Copy Number Variation (CNV) is a genetic phenomenon in which the number
of copies of a specific DNA segment varies among individuals. CNVs can
take the form of duplications, deletions, or other structural changes
in DNA sequences and can extend to long genomic segments. CNVs play an
essential role in driving cancer development, and their characteristics
are critical for disease diagnosis, prognosis, and treatment (Freeman
et al., 2006).

CNVs are broadly classified into germline and somatic types. Germline
CNVs contribute to hereditary disorders and inherited predispositions
to cancer. Somatic CNVs occur due to aberrant cell division and often
relate directly to cancer progression. The study of somatic CNVs can
uncover driver genes involved in tumorigenesis or tumour suppression
and serve as biomarkers for predicting prognosis or treatment outcomes
(Xie & Tammi, 2009).

Prostate cancer is one of the most common malignancies in men worldwide,
with marked heterogeneity in progression and treatment outcomes.

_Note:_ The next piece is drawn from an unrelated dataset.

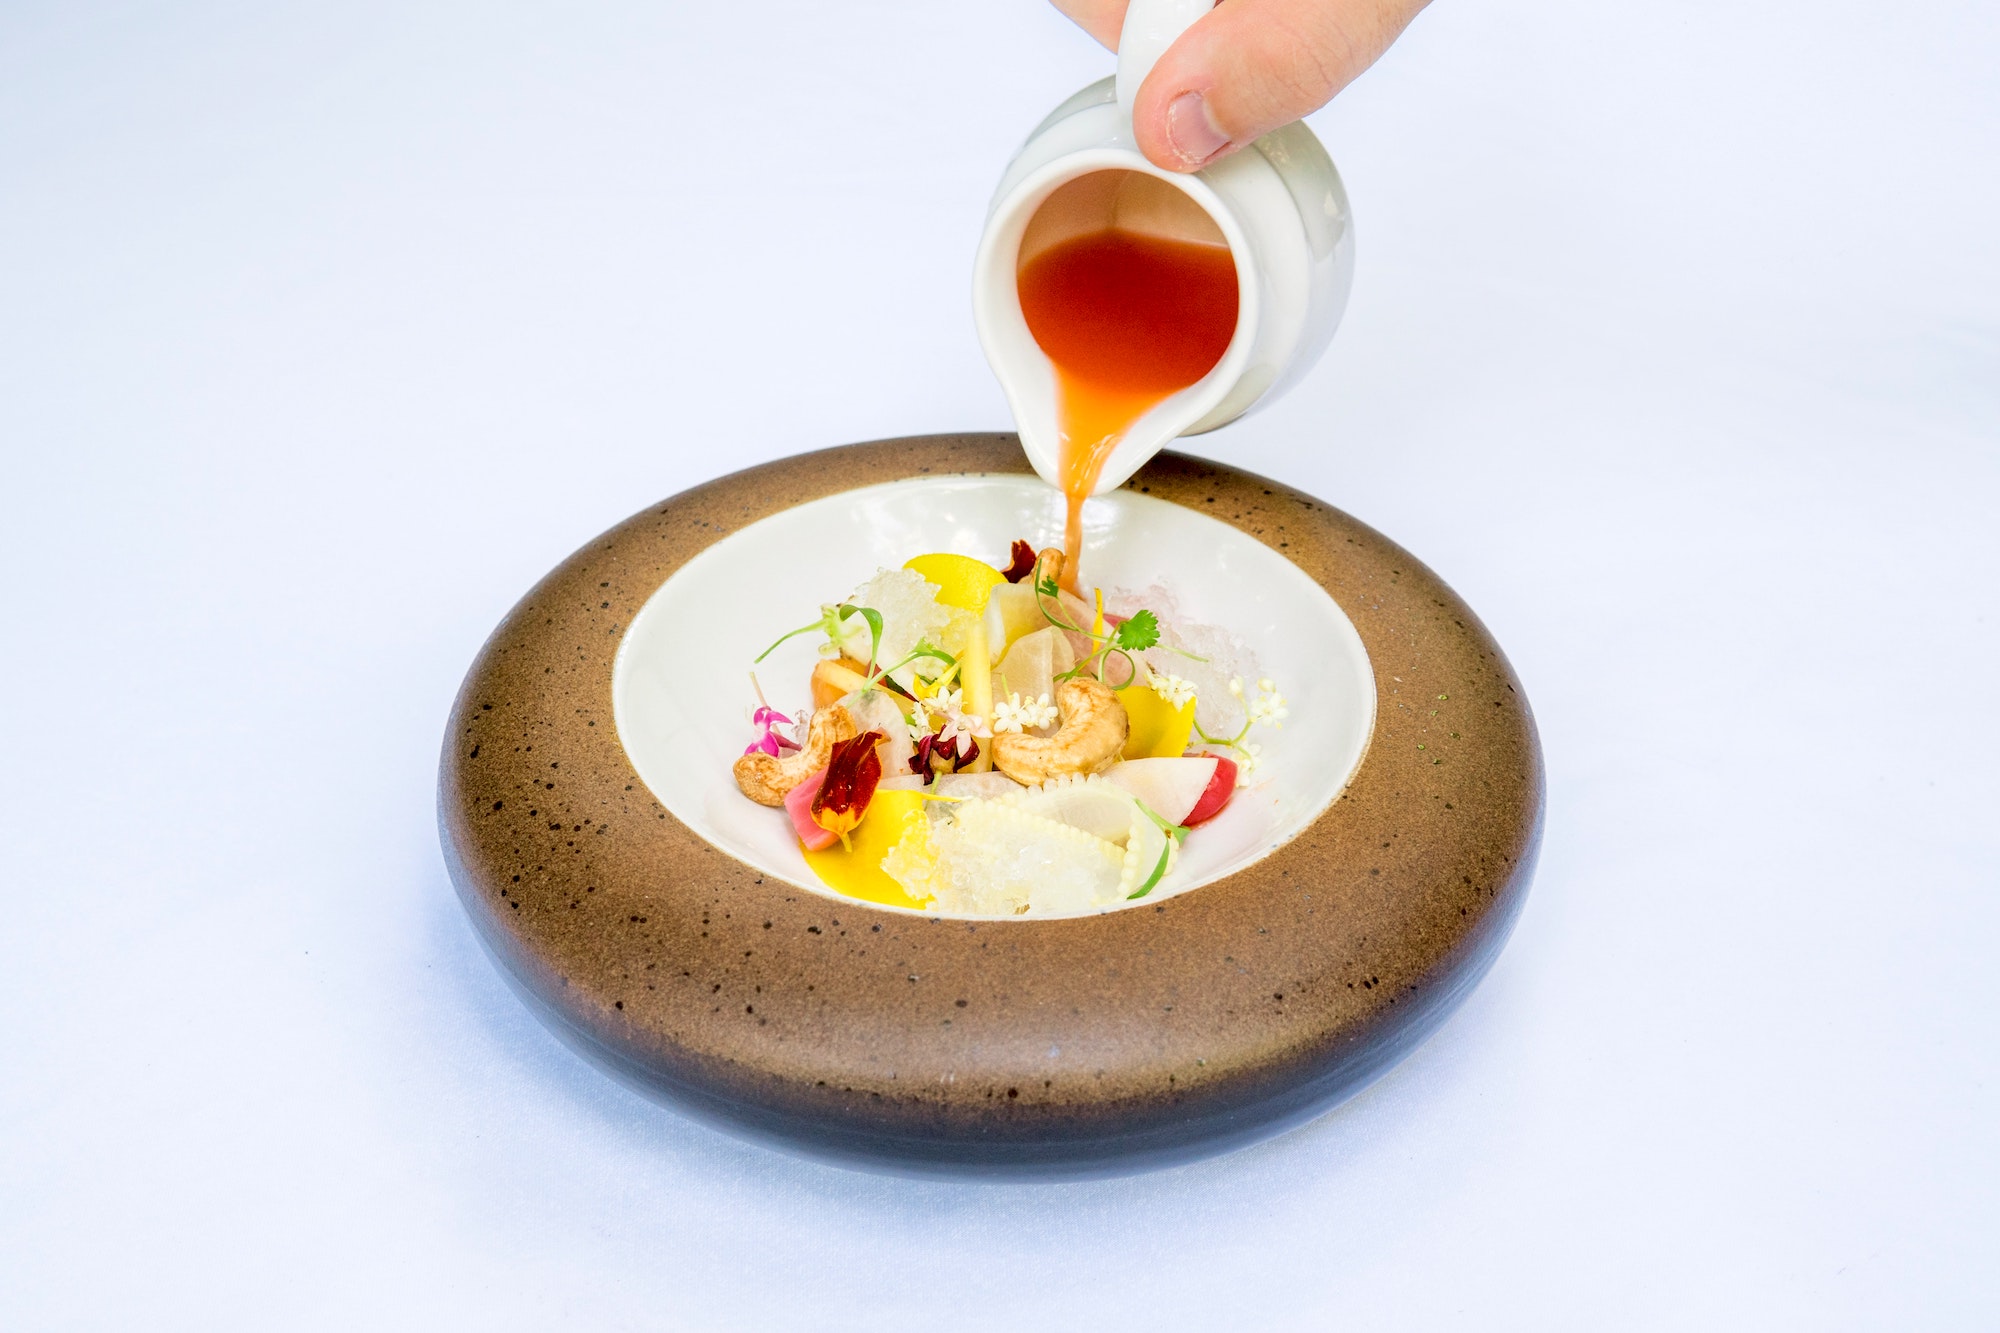 One of the dishes at fine dining establishment Mozaic Restaurant in Bali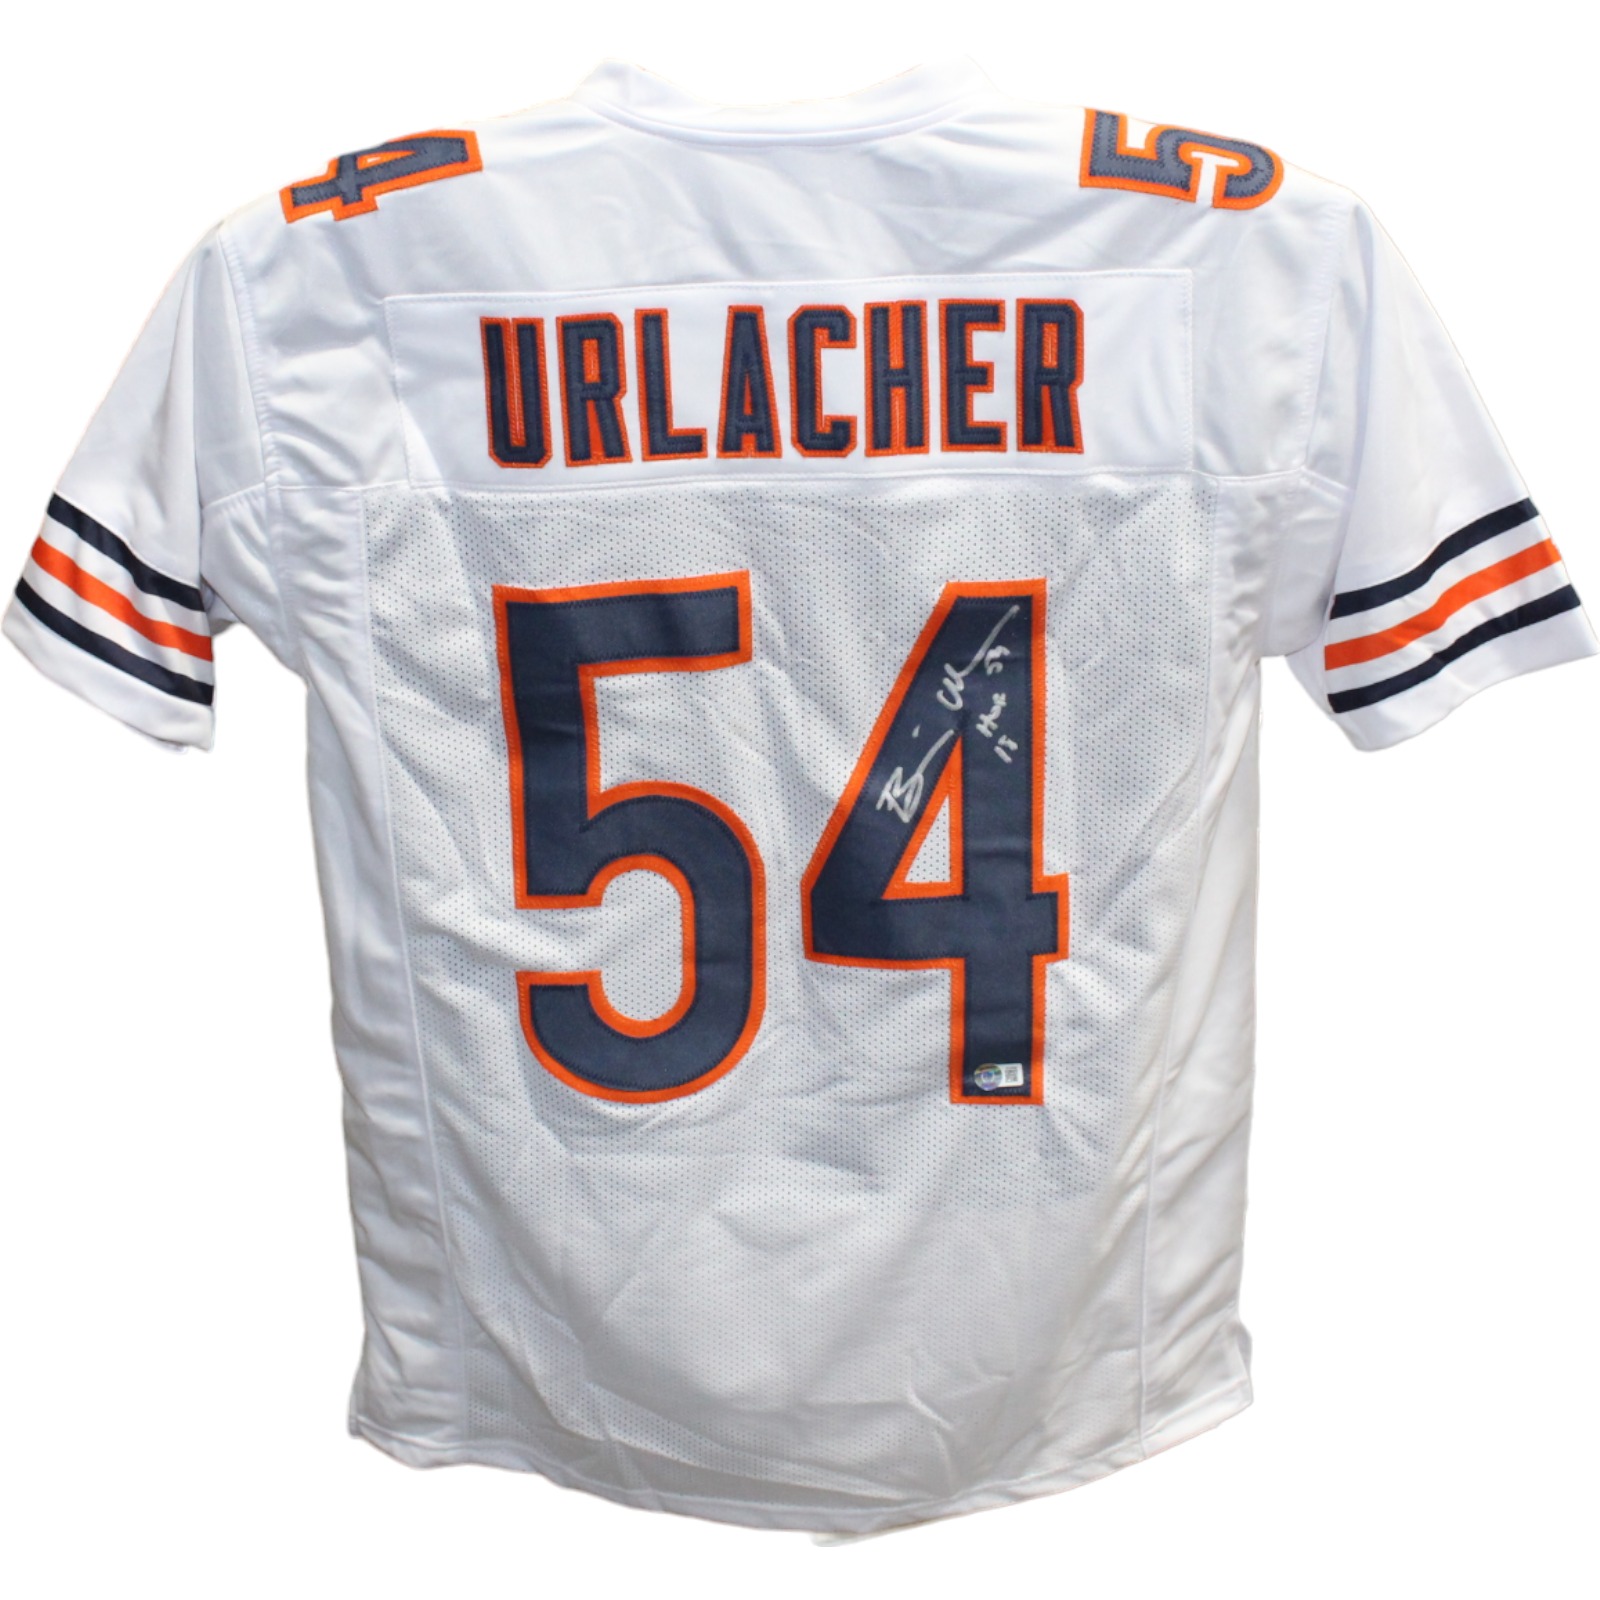 Brian Urlacher Autographed/Signed Pro Style White Jersey HOF Beckett

Indolent
(low-Gleason) cancers show minor genomic alterations, while aggressive
metastatic tumours demonstrate gross CNVs (Hieronymus et al., 2014).
Risk stratification — categorising patients by their likelihood of
harbouring aggressive disease — is central to clinical decision-making
and personalised treatment planning.

The `RiskyCNV` package addresses a critical gap in existing CNV tools.
While packages such as CNVizard, CINmetrics, GISTIC, and CopywriteR
offer visualisation, significant CNV identification, and chromosomal
instability quantification, none provide stratified class analysis,
particularly risk-class analysis (Krause et al., 2024; Oza et al., 2023;
Mermel et al., 2011; Kuilman et al., 2015). `RiskyCNV` was designed
specifically for class-stratified exploration and analysis of CNV omics
data, with the potential to deliver personalised insights regarding
disease course and risk stratification.

This vignette demonstrates the complete `RiskyCNV` workflow applied
to prostate adenocarcinoma (PRAD) data from The Cancer Genome Atlas
(TCGA), illustrating how CNV analysis integrated with clinical grading
and RNA expression data can identify biologically meaningful biomarkers.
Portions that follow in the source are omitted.